(Extracted records begins)

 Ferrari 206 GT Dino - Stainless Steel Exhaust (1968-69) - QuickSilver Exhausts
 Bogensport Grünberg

(Extracted records ends)
(Extracted records begins)

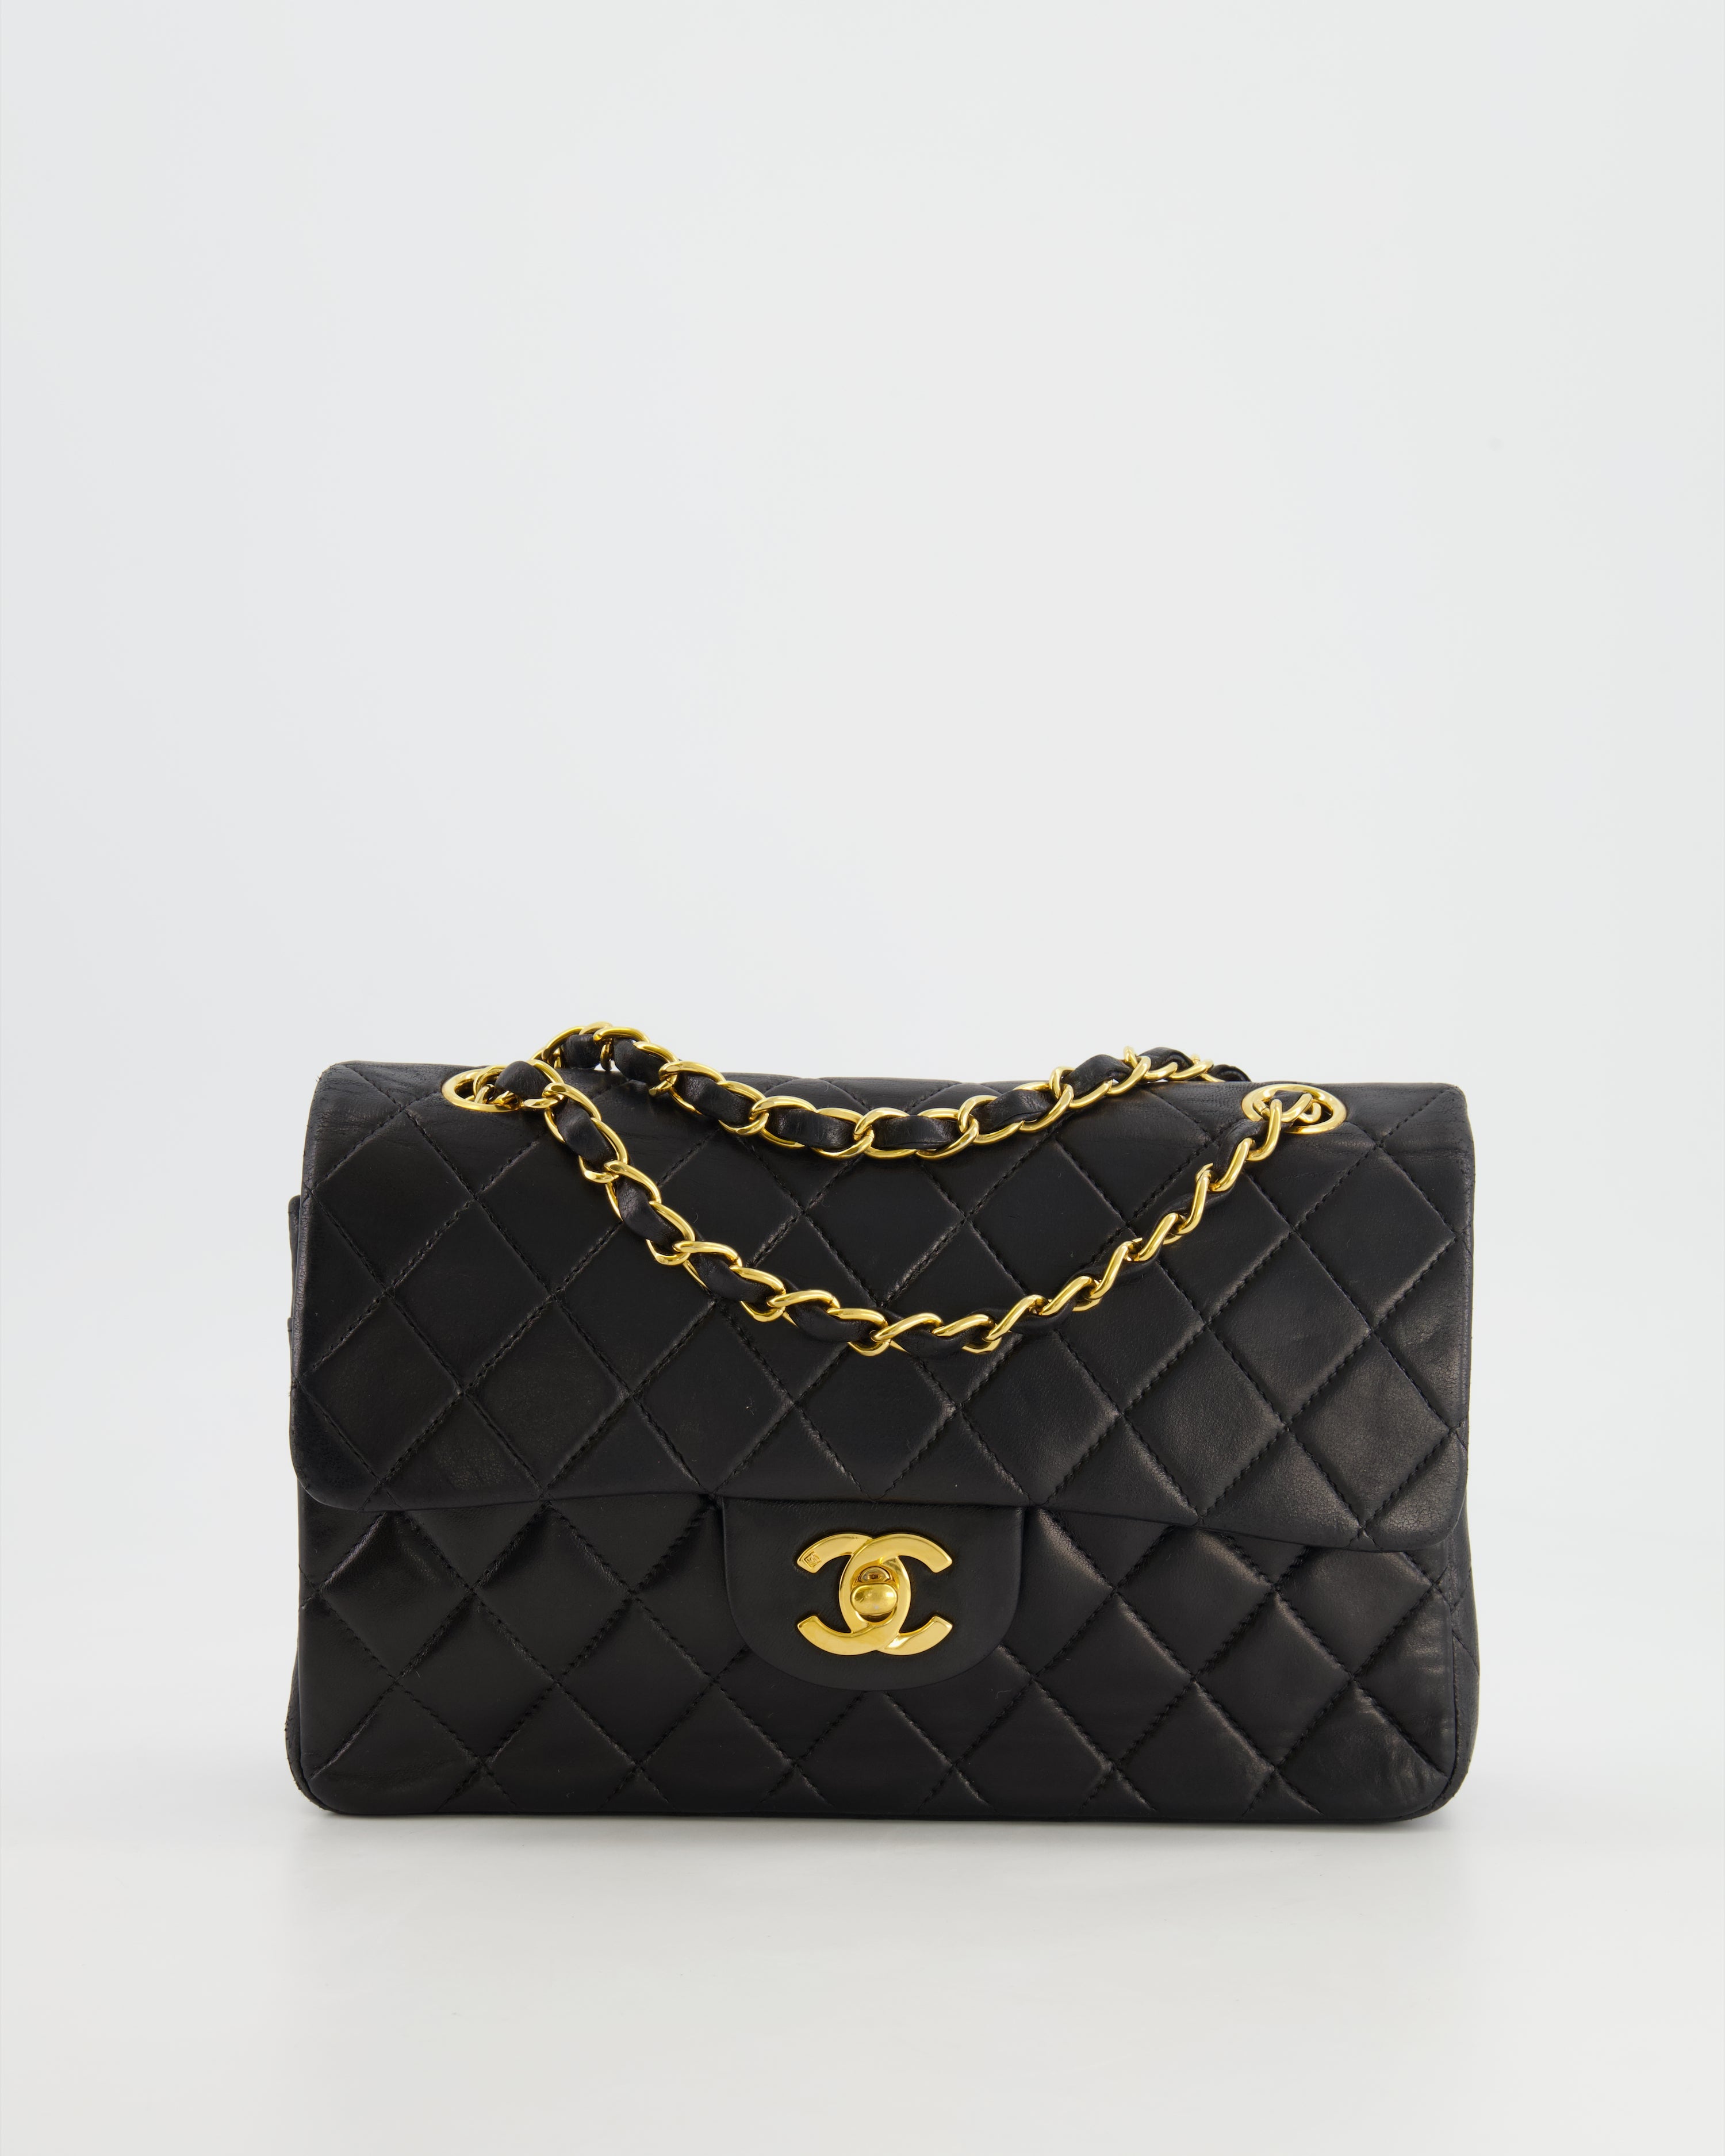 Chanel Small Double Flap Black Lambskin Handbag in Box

(Extracted records ends)
(Extracted records begins)

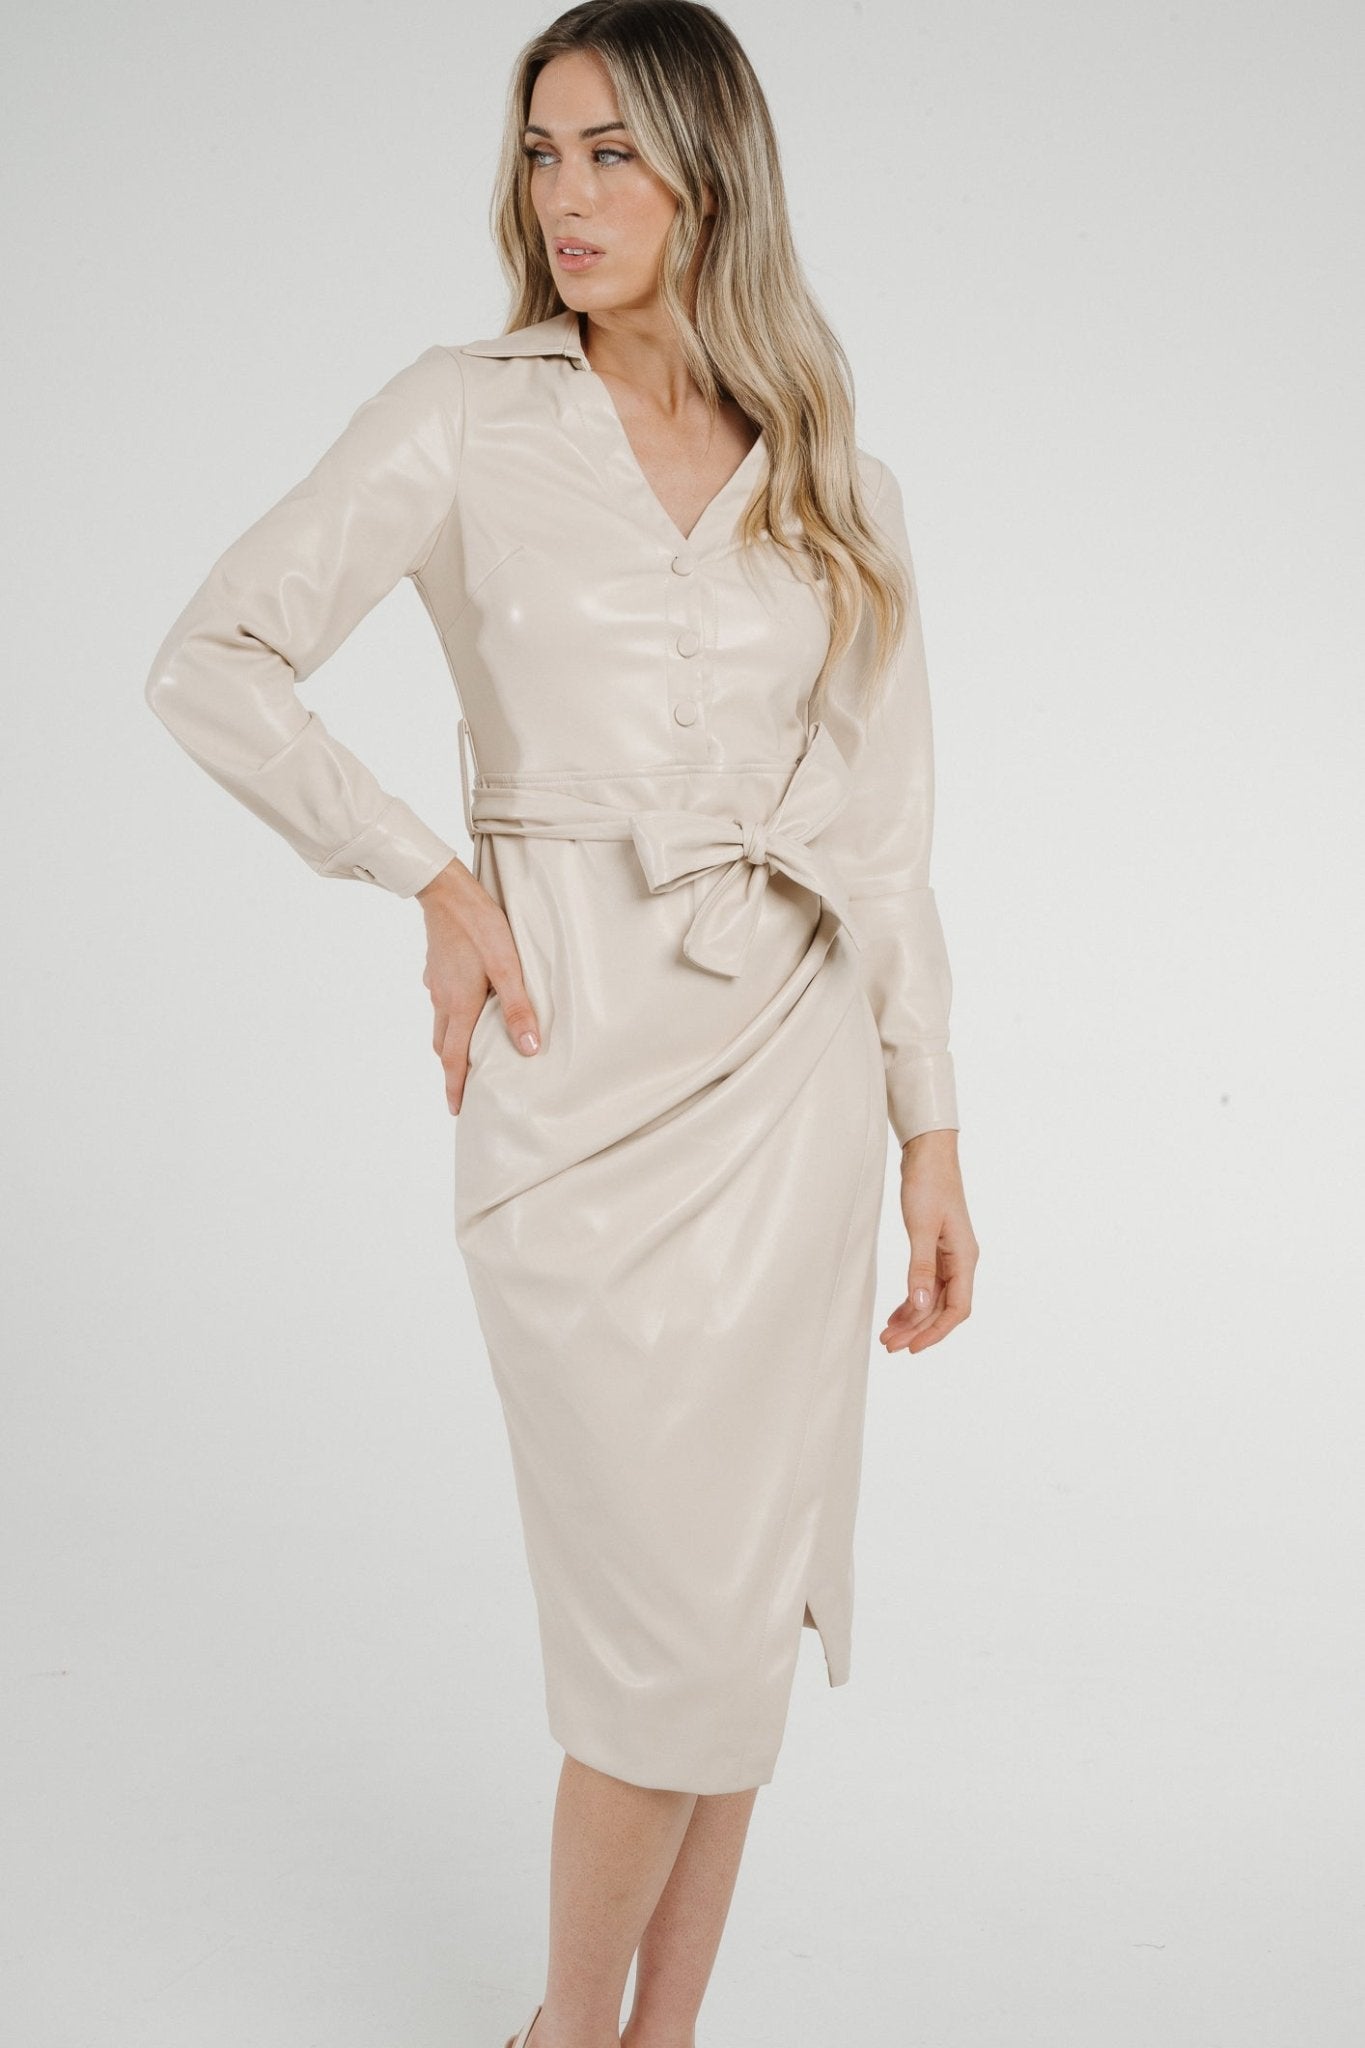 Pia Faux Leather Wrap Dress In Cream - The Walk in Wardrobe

(Extracted records ends)

→ **Task to carry out**
What you return must be the lines above that run from the line with "Ferrari 206 GT" to the line with "Bogensport Grünberg", inclusive, each copied exactly.

→ **Problem solution**
 Ferrari 206 GT Dino - Stainless Steel Exhaust (1968-69) - QuickSilver Exhausts
 Bogensport Grünberg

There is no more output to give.